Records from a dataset
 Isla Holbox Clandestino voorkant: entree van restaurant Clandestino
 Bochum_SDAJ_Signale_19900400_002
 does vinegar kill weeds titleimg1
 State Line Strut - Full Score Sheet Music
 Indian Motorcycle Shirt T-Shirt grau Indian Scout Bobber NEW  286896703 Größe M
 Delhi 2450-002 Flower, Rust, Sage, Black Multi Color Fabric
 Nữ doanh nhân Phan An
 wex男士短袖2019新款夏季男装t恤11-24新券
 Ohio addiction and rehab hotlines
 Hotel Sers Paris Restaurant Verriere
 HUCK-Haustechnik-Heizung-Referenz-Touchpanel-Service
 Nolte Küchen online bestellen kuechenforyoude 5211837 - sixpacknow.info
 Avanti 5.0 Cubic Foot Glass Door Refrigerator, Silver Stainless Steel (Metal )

Problem requirements —
Exactly and only the lines from the line containing "Nolte Küchen online" through the last line of the entries should be copied, both ends included.

Answer box —
 Nolte Küchen online bestellen kuechenforyoude 5211837 - sixpacknow.info
 Avanti 5.0 Cubic Foot Glass Door Refrigerator, Silver Stainless Steel (Metal )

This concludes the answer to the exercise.